Guptaji, never one to miss a metaphor, pounced instantly.
“Our politics”, he said, “is the grandest circus of them all, loud, chaotic, and gloriously pointless. The ringmasters, dressed in crisp kurtas, crack their rhetorical whips as we clap like obedient seals, convinced that this spectacle is governance. These political hippos have hides thicker than the finance ministry’s red tape. They juggle scams, slogans, and selfies with the swagger of roadside magicians—making grand promises before elections and vanishing afterwards.”
Sharmaji, emboldened, added fuel to the flames.
“The Left still dances in sepia nostalgia, shouting Garibi Hatao like a vinyl stuck since 1971. Their leaders sip ₹500 cappuccinos in Lutyens’ cafés, tweeting socialism from iPhones assembled by capitalists. One champion of farmers was caught snoozing in Parliament, perhaps dreaming of Marx and organic subsidies in Manali.
The Right, meanwhile, is busy giving mythology a tech reboot. Ancient India, they claim, had Wi-Fi, nuclear vimanas, and 5G; inflation alone, it seems, is purely modern. They thunder ‘Bharat Mata Ki Jai’ loud enough to drown out inconvenient murmurs about unemployment and vanishing opposition benches.”
Auntie Gyanboti, ever the philosopher, joined in.
“Regional leaders,” she scoffed, “deserve Oscars for daily melodrama. They fast for ‘state pride’ till dusk and feast on midnight biryani, divine prasad, naturally. Party-hopping has become the new yoga. Every defection is draped in the language of ‘ideological evolution,’ which really means ‘ministerial upgrade.’”
It was my turn to enter the ring.
“Coalition politics”, I said, “is like a college group project gone wrong, everyone claims credit, no one does the work, and the bridge collapses before the viva. By then, all have resigned ‘on moral grounds’, only to rejoin on ‘public demand.’ Dynasties, of course, keep the family drama alive. From Gandhis to Yadavs, Thackerays to Abdullahs, our democracy runs on family data packs. Youth leaders paraded as reformers think GDP is a clothing brand and GST a new yoga pose.”
Holy Brother Sandy, who’d been listening with monk-like patience, delivered the final act.

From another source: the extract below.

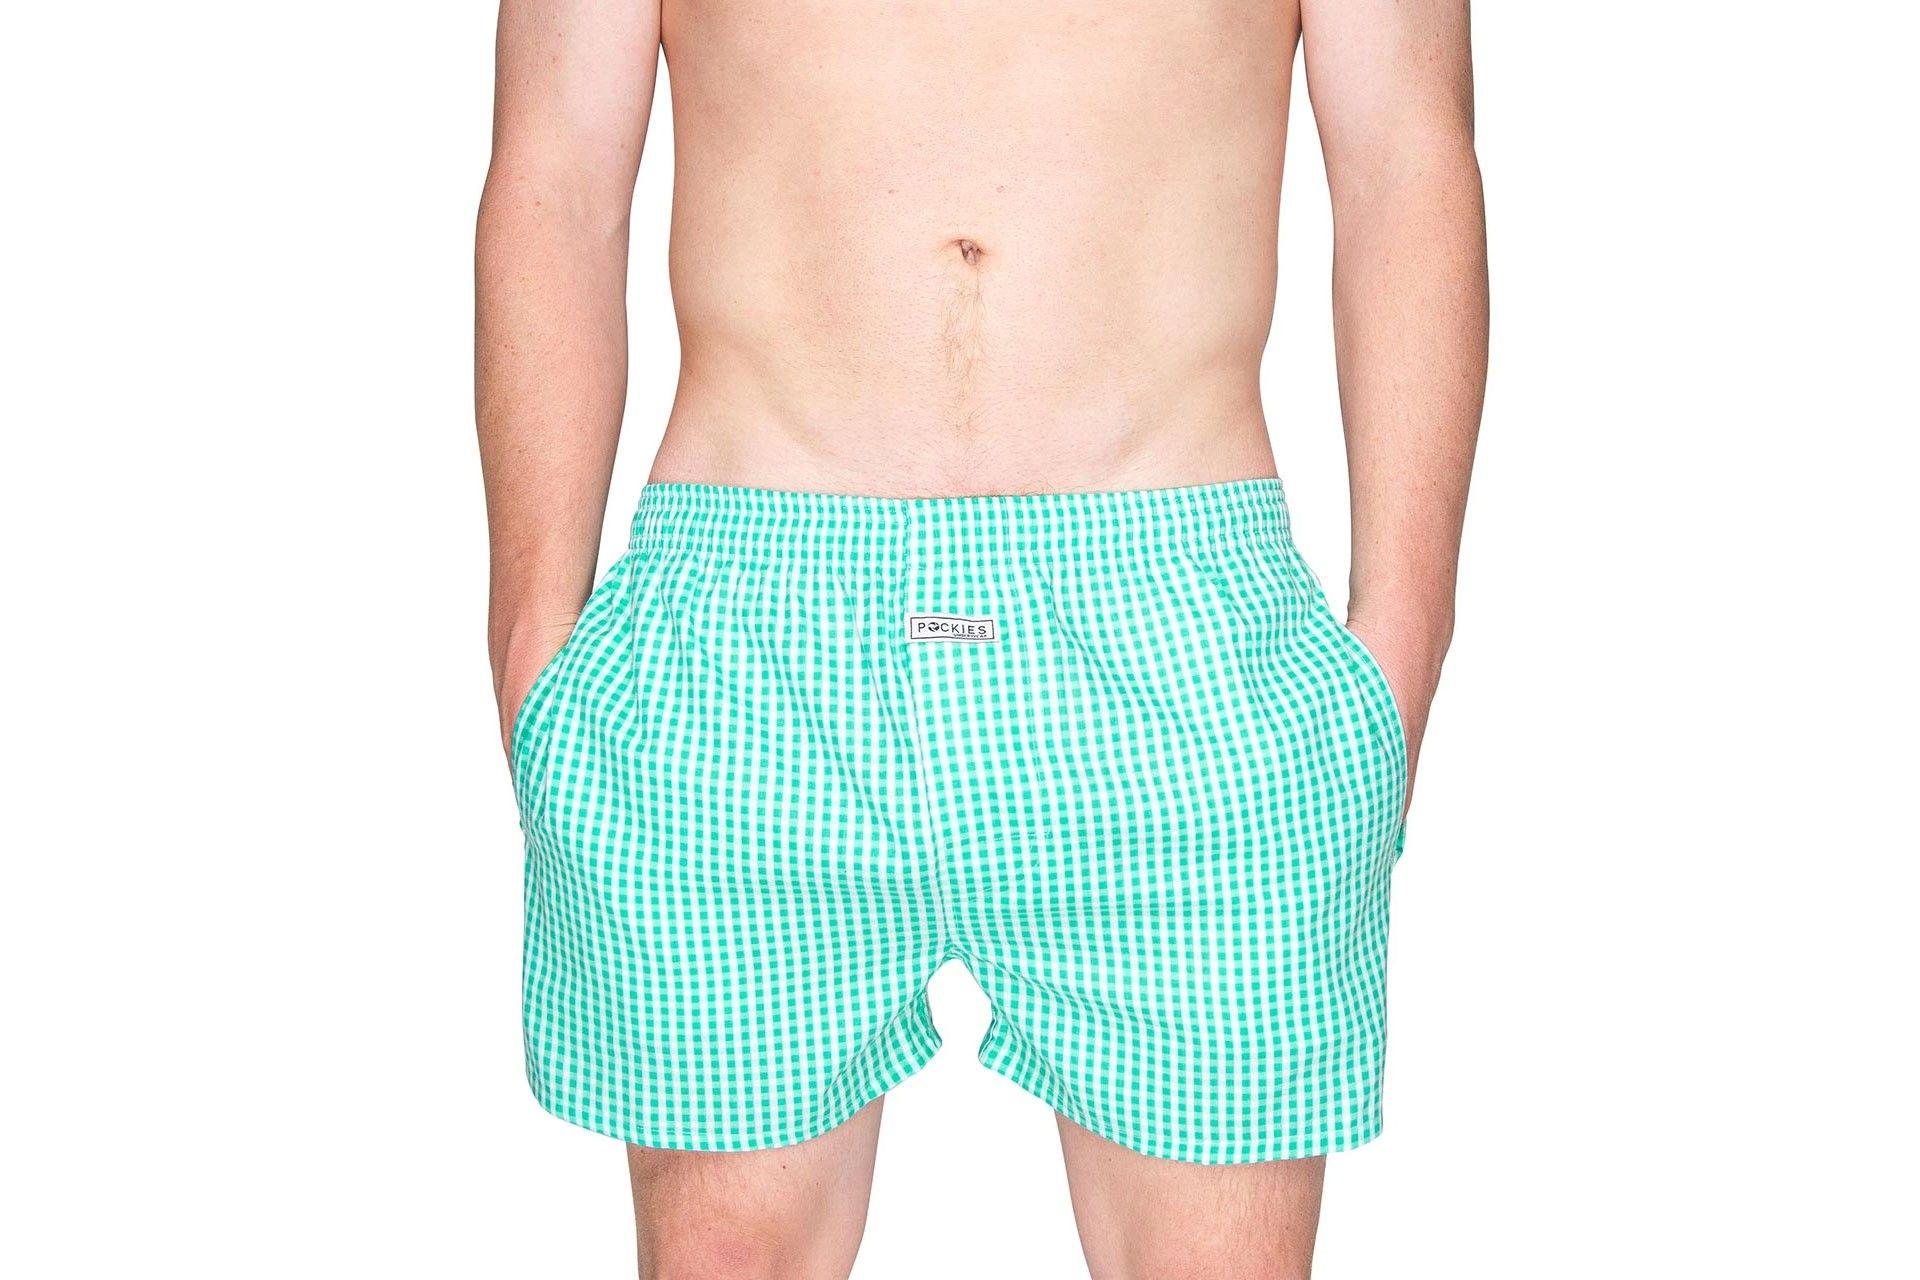 Afbeelding van Pockies Boxershort Squared Green - White

“And then come the elections, the grand finale! The festival of free samosas and fake promises. Leaders vow bullet trains but deliver bullock carts, renaming them Atmanirbhar transport. Voters cheer jingles about Vikas that sound suspiciously like shampoo ads. When the results roll in, every party triumphs, morally, spiritually, or imaginatively. Anchors scream, trolls trend, and we, the ever-cheerful audience, keep clapping. For in the great Indian circus of democracy, politicians crack the jokes, and the people remain the punchline.”